__Directions__: Using the listing below, copy exactly the lines from the one containing "KPS39-3107 Pressure Switch" to the one containing "Toho ReAction Figures", both lines included, and no others.

*** Available data ***

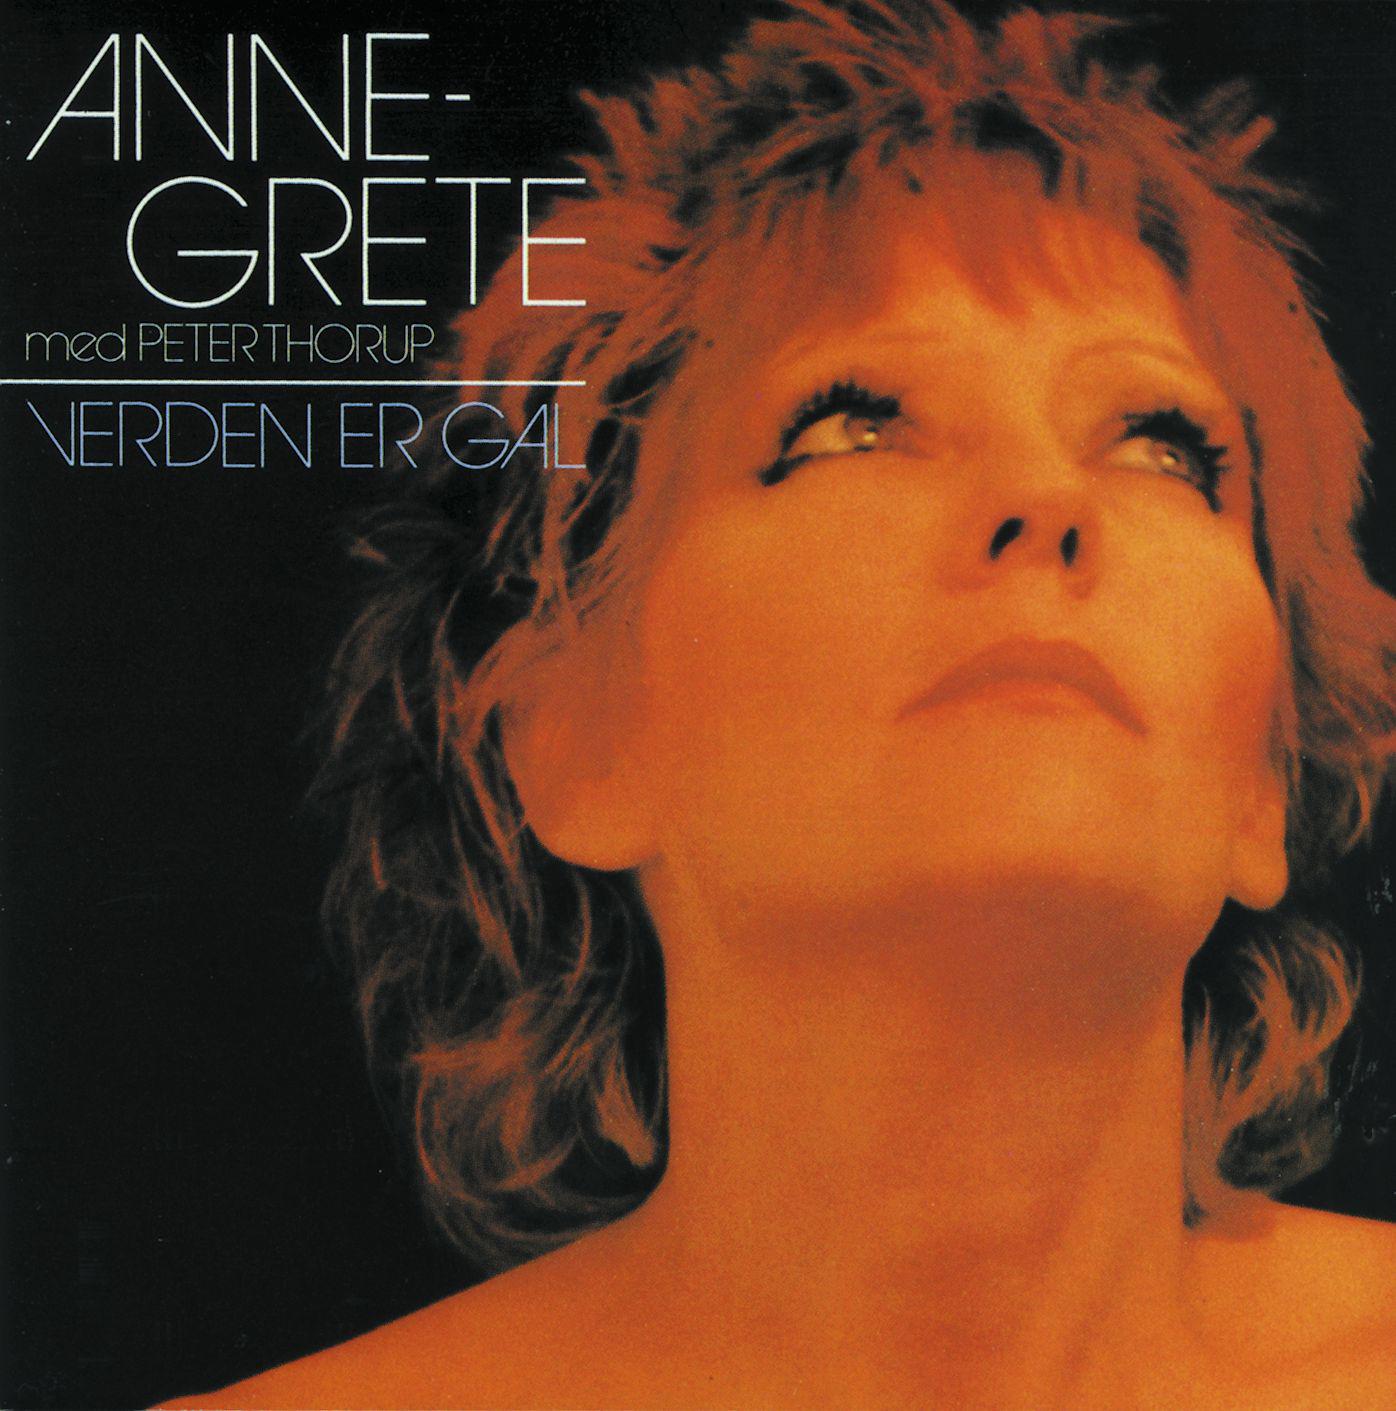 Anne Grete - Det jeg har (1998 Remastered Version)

*** End of Available data ***
*** Available data ***

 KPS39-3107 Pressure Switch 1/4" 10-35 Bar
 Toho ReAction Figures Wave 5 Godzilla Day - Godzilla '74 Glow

*** End of Available data ***

__Response for this exercise__:
 KPS39-3107 Pressure Switch 1/4" 10-35 Bar
 Toho ReAction Figures Wave 5 Godzilla Day - Godzilla '74 Glow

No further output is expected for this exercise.